L’appello alla cittadinanza e la richiesta di sicurezza
La decisione di Erika a quel punto, è stata di condividere pubblicamente l’episodio su un gruppo social della zona Collatina-Tor Sapienza per avvisare gli altri residenti e frequentatori della zona, invitandoli a prestare la massima attenzione la sera.
L’incubo di “Shpalman” il sedicente giustiziere dei parcheggi
L’episodio disgustoso ha riaperto il dibattito sulla sicurezza urbana, specialmente in quelle zone periferiche, dove i residenti chiedono da tempo più telecamere, e fatto tornare l’incubo di “Shpalman”, il sedicente “giustiziere dei parcheggi” che tra il 2023 e la primavera 2024 aveva scatenato il panico al Tuscolano.

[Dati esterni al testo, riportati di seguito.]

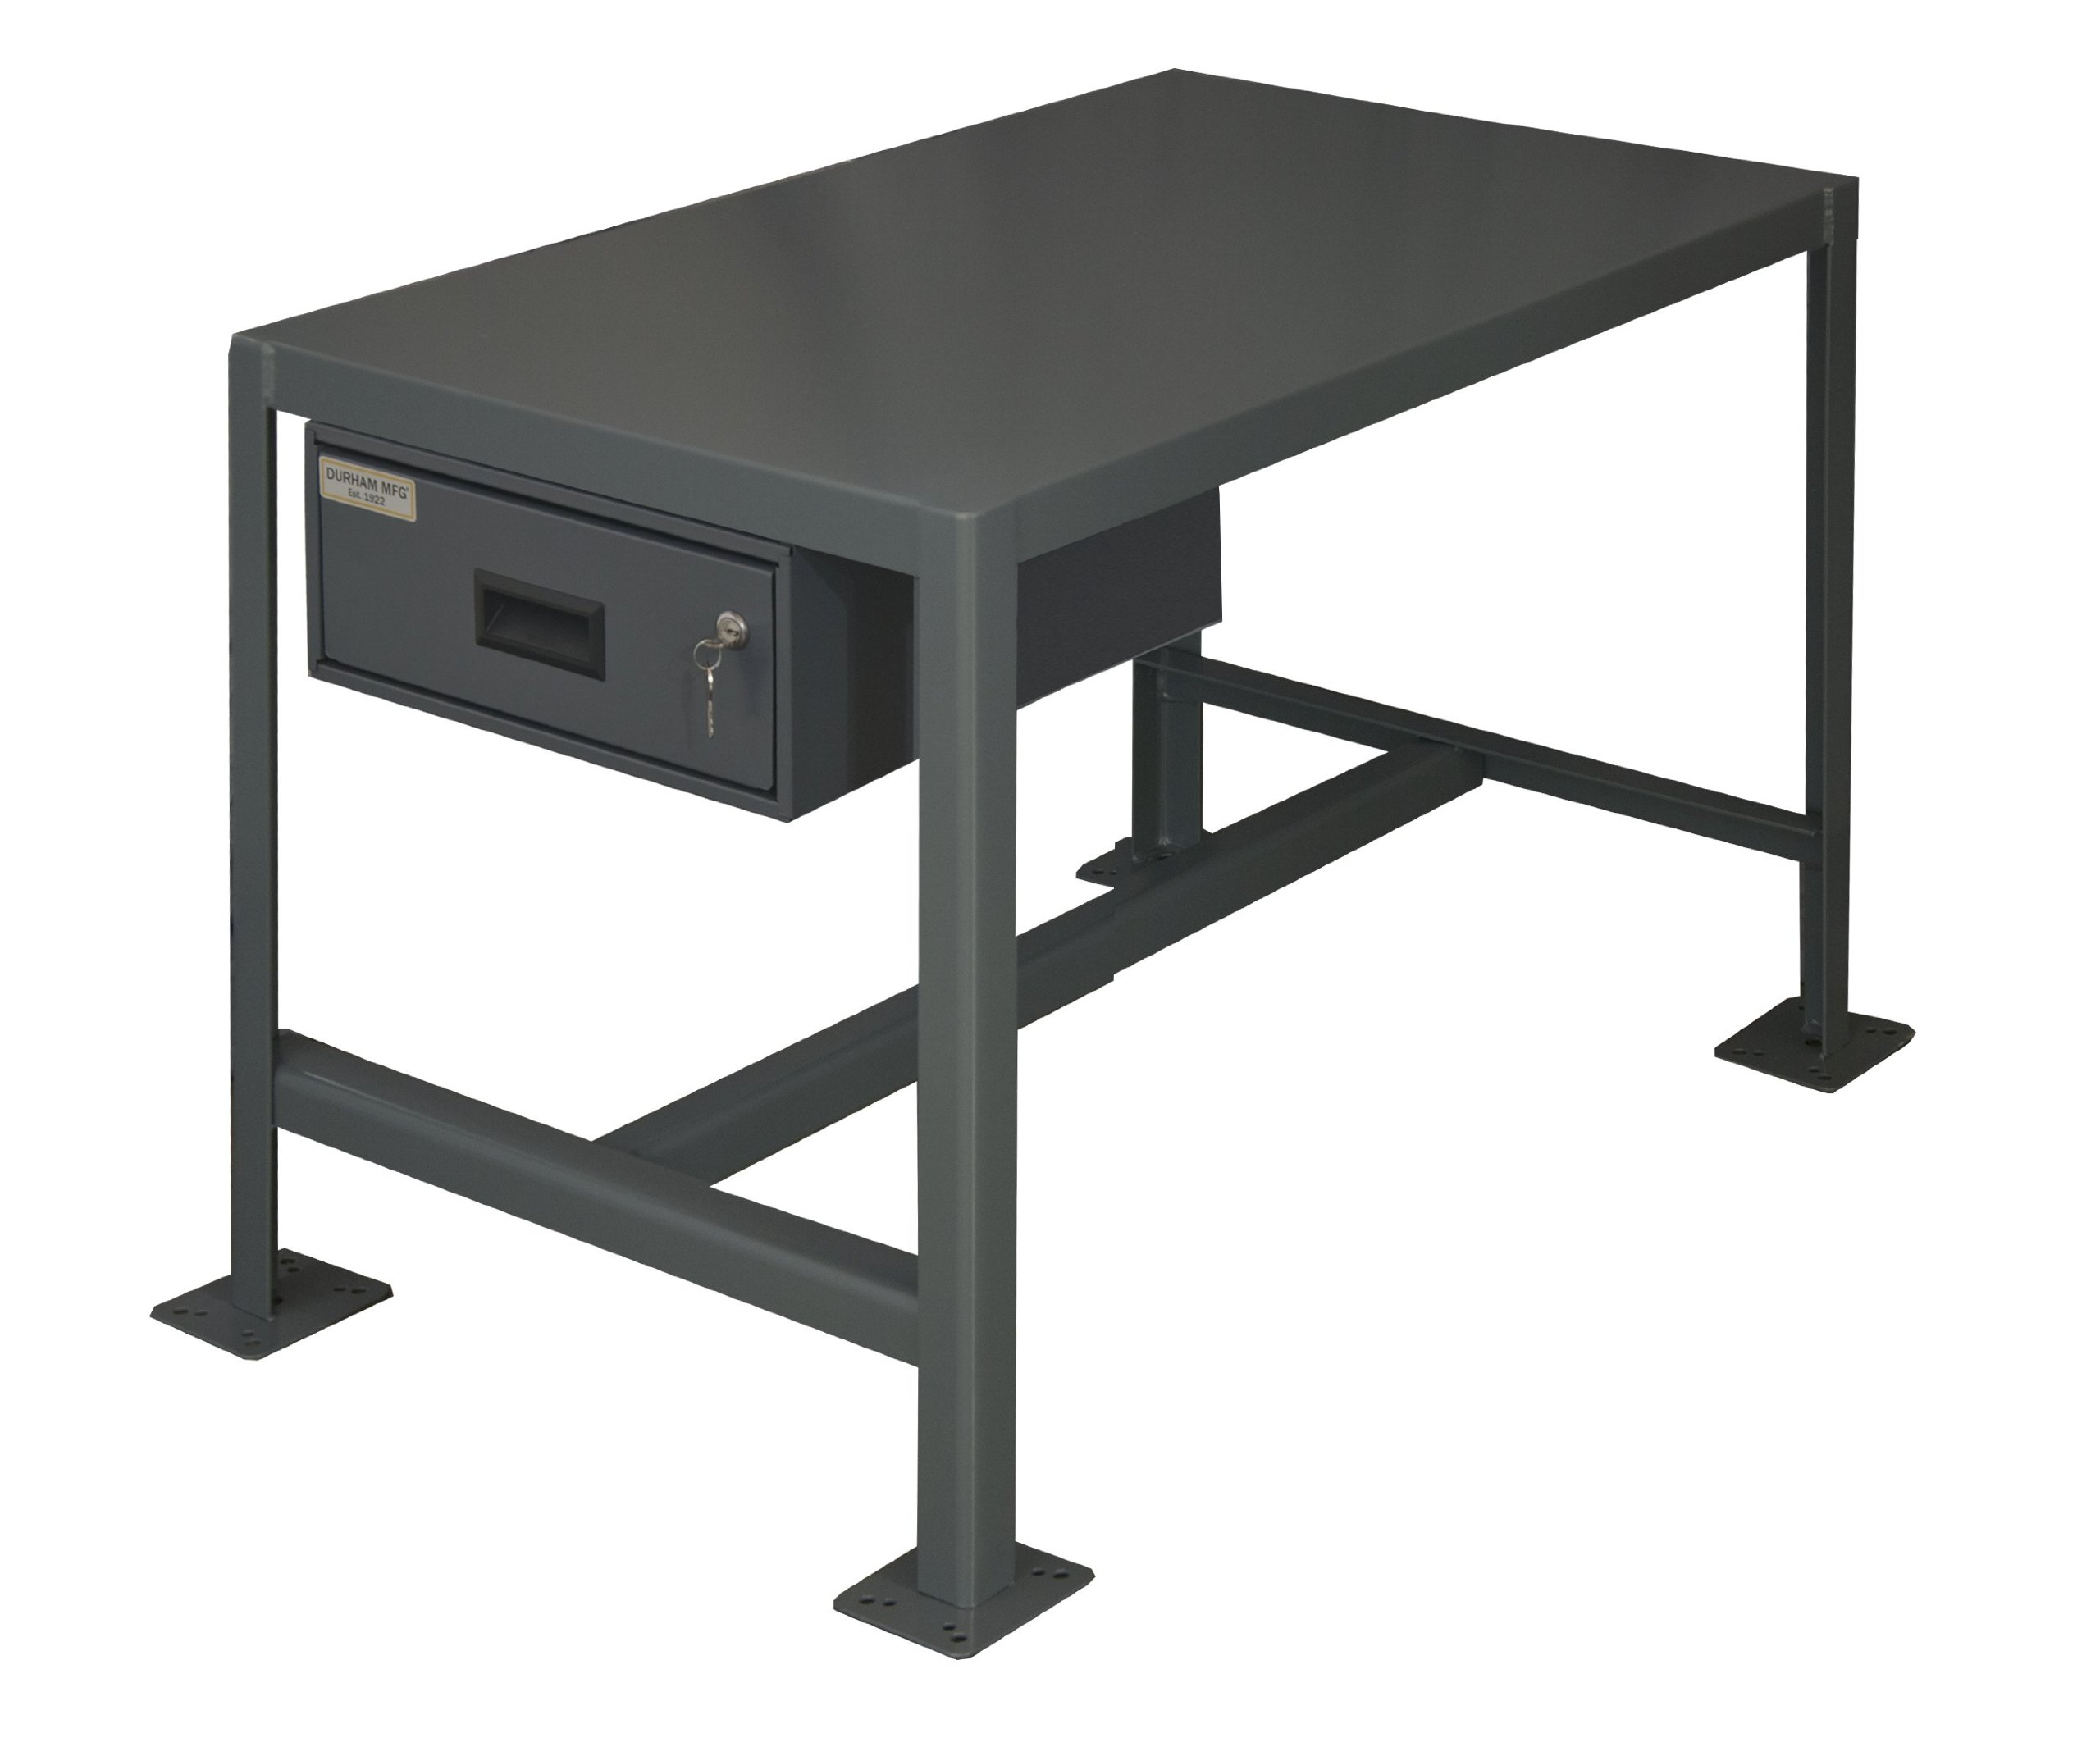 Durham Steel Medium Duty Machine Tables with Drawer, MTD182430-2K195,  1 Shelves,  2000 lbs Capacity,  24'' Length x 18'' Width x 30'' Height by Durham

Anche in quegli episodi, l’uomo mai fermato, dai lanci improvvisi di escrementi contro le auto della ragazze, aveva trasformato i raid in incursioni mirate: nell’area di Arco di Travertino, alcune vittime aveva ritrovato escrementi direttamente sui sedili di vetture regolarmente chiuse. Il sospetto fu che l’imbrattatore utilizzasse sistemi di apertura a distanza o forzi le serrature per colpire indisturbato.
Al disgusto per i gesti si aggiunse ben presto il terrore: le donne coinvolte denunciarono di essere state pedinate da un’auto bianca.